While trying to resolve this issue I’ve stumbled upon two tools that can help you better understand the cause of the problem and at some scenarios might suggest a resolution.

The first tools is a command line too called XmlSerializerPreCompiler written by Chris Sells. You just specify the full path to the assembly and the type name to check and it will try to create an XmlSerializer passing the type to it and analyzing the error.

The second one is a GUI tool that was based on XmlSerializerPreCompiler called XmlPreCompiler written by Mathew Nolton.

Both tools comes with full source code.

While I didn’t have time to check their source code I did see one of the things they use to get more information about the temporary assembly that is being compiled on the fly when creating the XmlSerializer.
It seems that there is a configuration flag that you put in the app.config file (if you don’t have one, just create one that is named myprogram.exe.config, where myprogram is your executeable name).

Just add the following to your app.config file:

<configuration>

<system.diagnostics>

<switches>

<add value=”4″ name=”XmlSerialization.Compilation”>

</switches>

</system.diagnostics>

</configuration>
This option tells the XmlSerializer not to delete the temporary files created to generate the temp assembly. It will leave the .cs file it was trying to compile, a .cmdline file which has the command line parameters that are sent to the compiler and a .out file which has the full command line that was used to compile the .cs file.

All of these files are generated it your %USERPROFILE%\Local Settings\Temp folder (which is usually equivalent to %TEMP%) and by just adding the above flag in your app.config you can get the input that is used in the programs I’ve mentioned above and investigate on your own.

While all of these programs couldn’t help me in resolving what is wrong with RSSBandit (and for that matter, any thing that has the “new XmlSerializer(typeof(MyClass))” code in it that runs on my machine) I’d thought it would be nice to share this information with everyone.

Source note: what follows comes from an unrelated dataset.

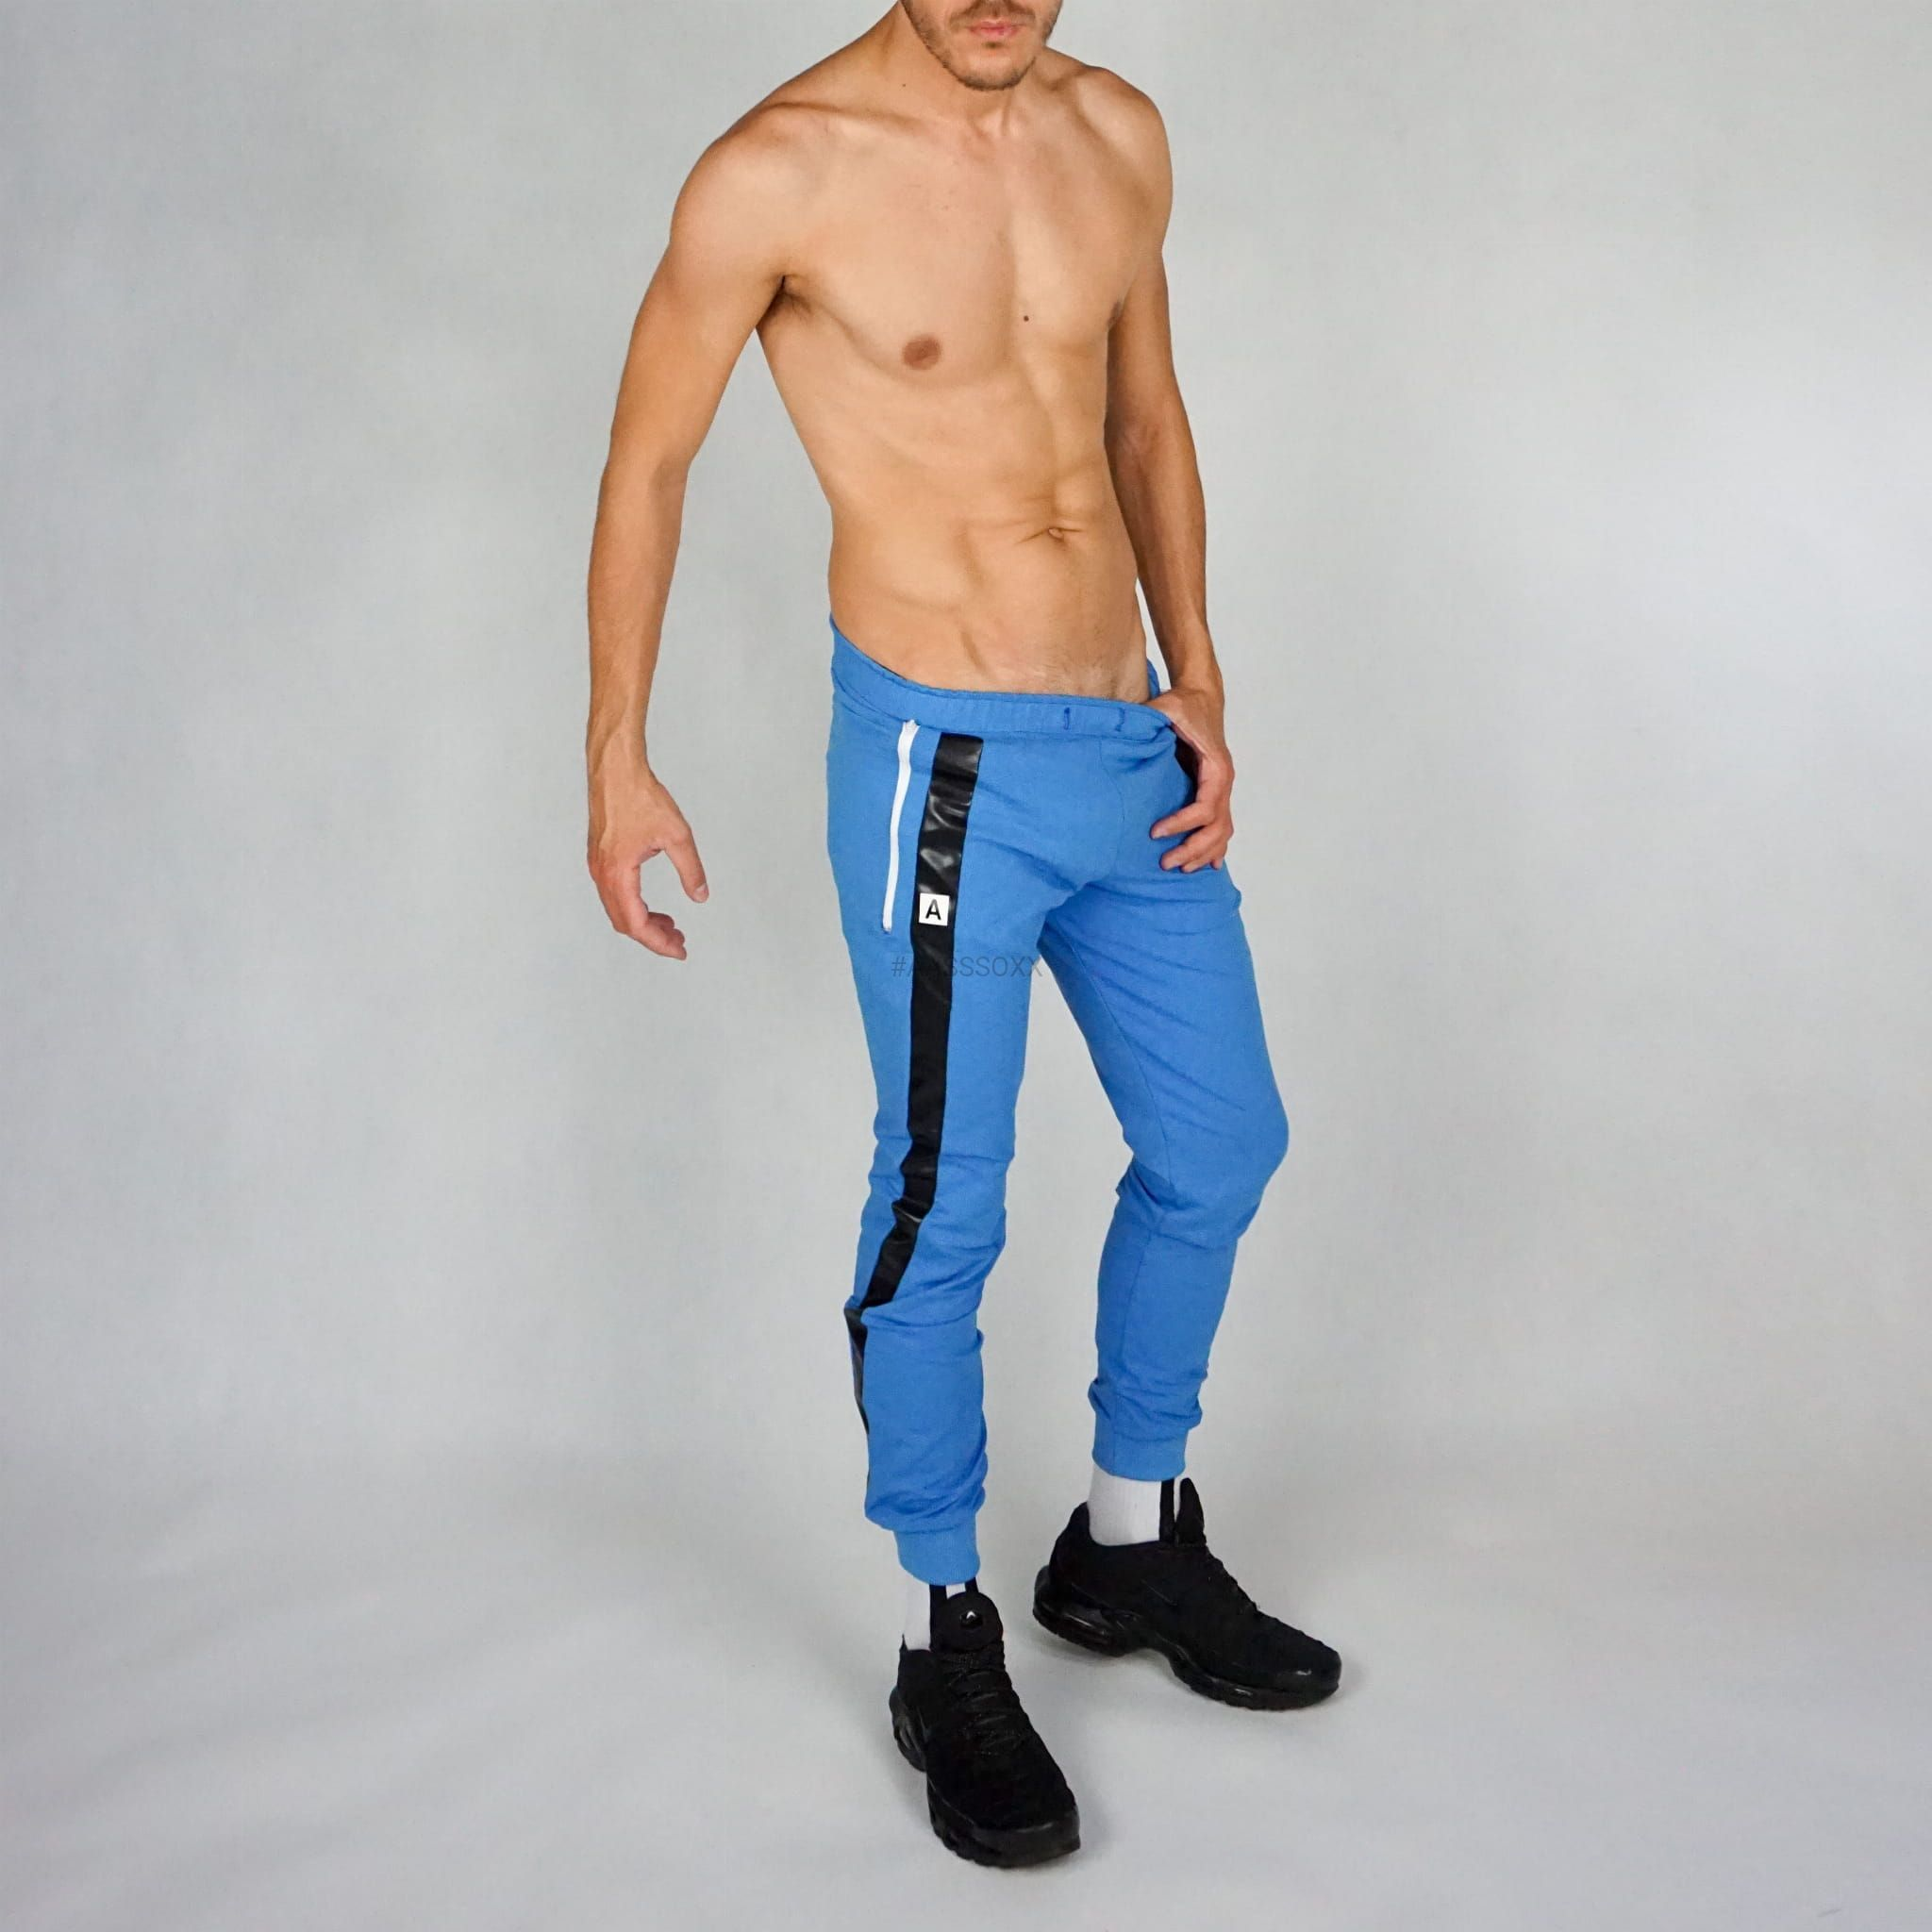 SWEATPANTS SPF (SPORT PUBLIC FUCK) BLUE

Since I don’t have time to further analyze this and I need my daily RSS feed dose, I did the following things:

  1. Ran WinDbg and started RSSBandit through it.
  2. Set a breakpoint (we have discussed about setting a managed breakpoint before) on System.CodeDom.Compiler.CompilerResults.get_CompiledAssembly (this function is the one that tries to load the temp compiled assembly and will throw the exception I’m getting in RSSBandit since the temp assembly wasn’t compiled).
  3. When the breakpoint hit (and it does so a few times until RSSBandit finishes loading) I ran !dumpheap -type CompilerResults
  4. I dumped the CompilerResults object using !dumpobject
  5. I then took the address of the pathToAssembly member and used !dumpobject on it as well.
  6. I then took the path, went there, opened the file named [strange random chars].out (where [strange random chars] is a unique name for each such assembly), opened it, copied the command line and ran it to generate the assembly.
  7. Continued doing this until we never reach the breakpoint again.

What I did learn from this workaround is that the main problem is executing the compiler command to compile the assembly and that will be the point from which I will continue to troubleshoot this issue.

At least for now RSSBandit is working (though only through WinDbg 😉 ) and I can read my favorite RSS feeds.